Pope Francis himself was critical of unbridled capitalism and denounced the global economic system that victimizes the poor.

He was the first pope to issue a papal encyclical on the environment, Laudato Si, which linked global exploitation and environmental destruction.

He spoke of the “ecological debt” of wealthy nations and supported the science of climate change.

Laudato Si helped build global consensus toward the 2015 Paris Climate Agreement — a testament to his enduring influence.

A child of migrant parents, Pope Francis also championed the cause of migrants.

His first overseas trip as pope was to the Italian island of Lampedusa, where he visited refugees and migrants from Africa, the Middle East, and Asia.

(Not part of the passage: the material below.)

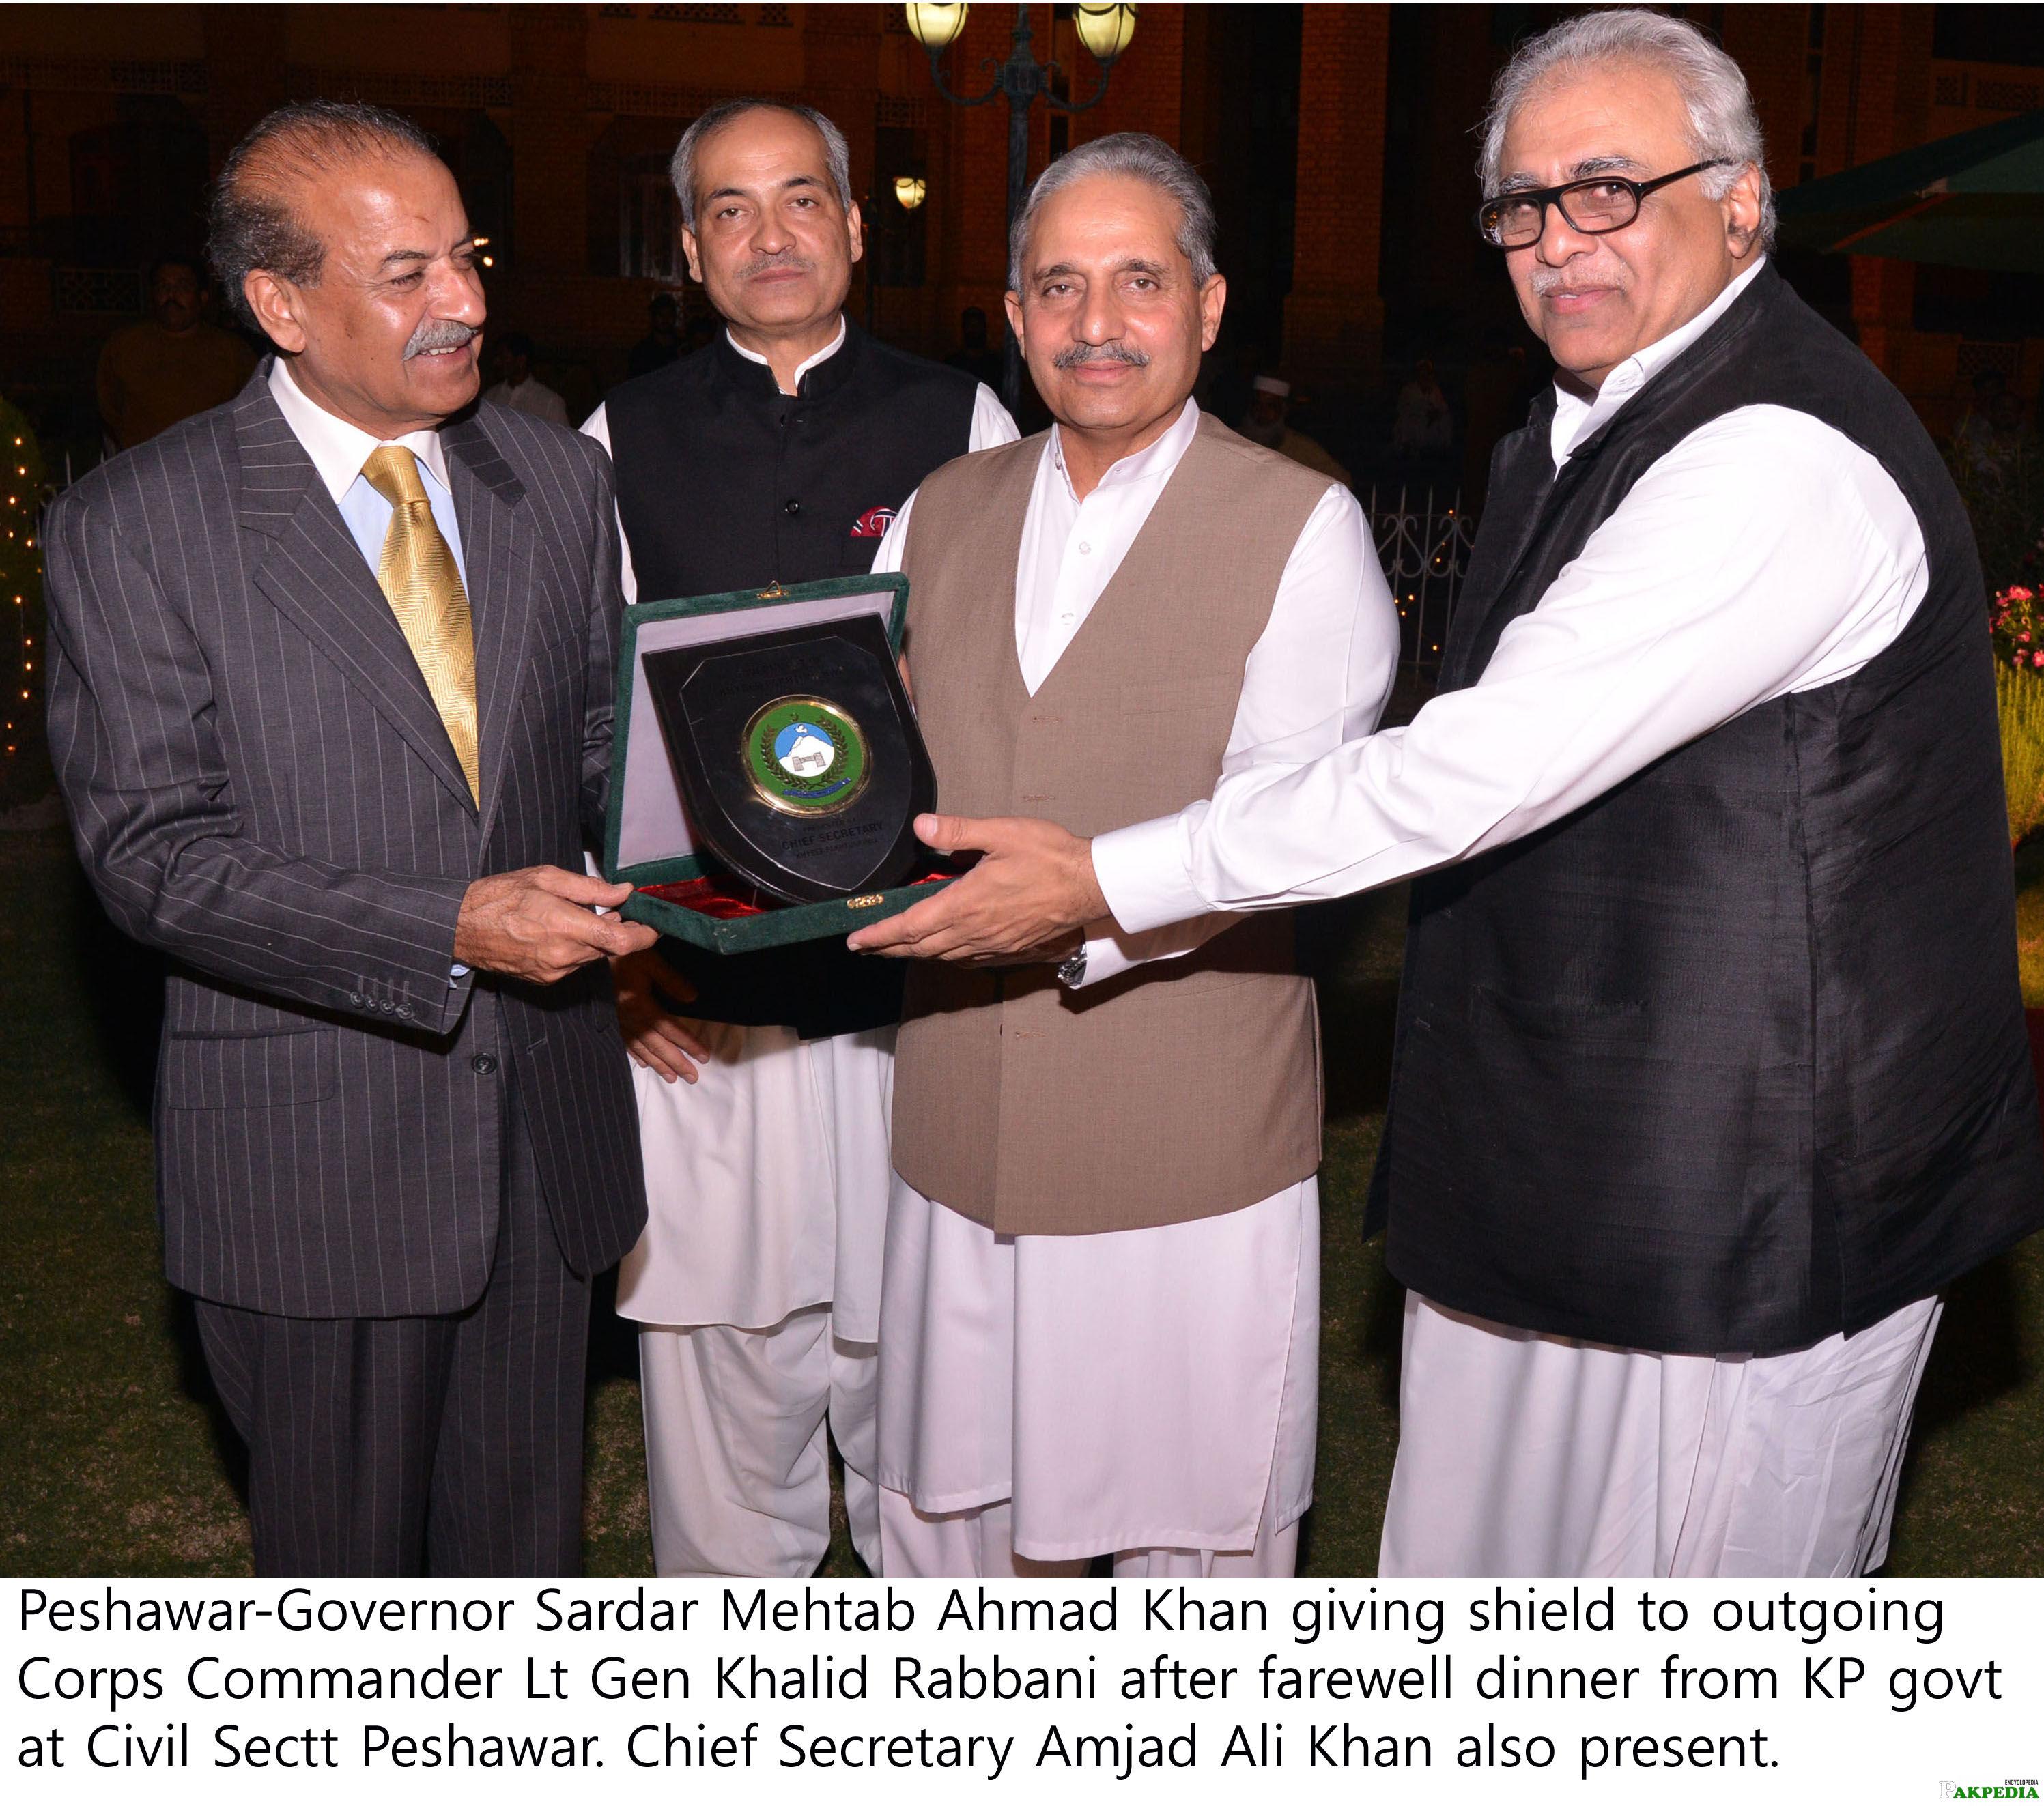 Peshawar Governor Sardar Mehtab Ahmad Khan giving shield to outgoing Commander

He called for building bridges, not walls, and denounced the “globalization of indifference,” which “makes us think only of ourselves, makes us insensitive to the cries of other people.”

A tireless advocate and promoter of peace, Pope Francis denounced the ongoing wars in Ukraine and Gaza.

He made nightly calls to the lone Catholic Church in Gaza while the Israeli invasion raged, consoling and comforting the tiny Christian community.

A pope from the periphery, giving voice to the issues and problems of those on the margins, Pope Francis is truly a people’s pope.

He did not write elegant and sophisticated theological or philosophical treatises like Benedict XVI, nor did he have the political star power of John Paul II.

Pope Francis was a simple pastor, ministering to the wounds and bruises of his flock, assuaging their hurt and pain.

His sensitivity to the problems and needs of his congregation made him the universal father of the universal Church.

Jorge Mario Cardinal Bergoglio truly lived up to his papal name and the saint bearing that name, whose radical poverty and simplicity he emulated.

The global community — particularly the poor and those on the periphery — lost a champion in Pope Francis.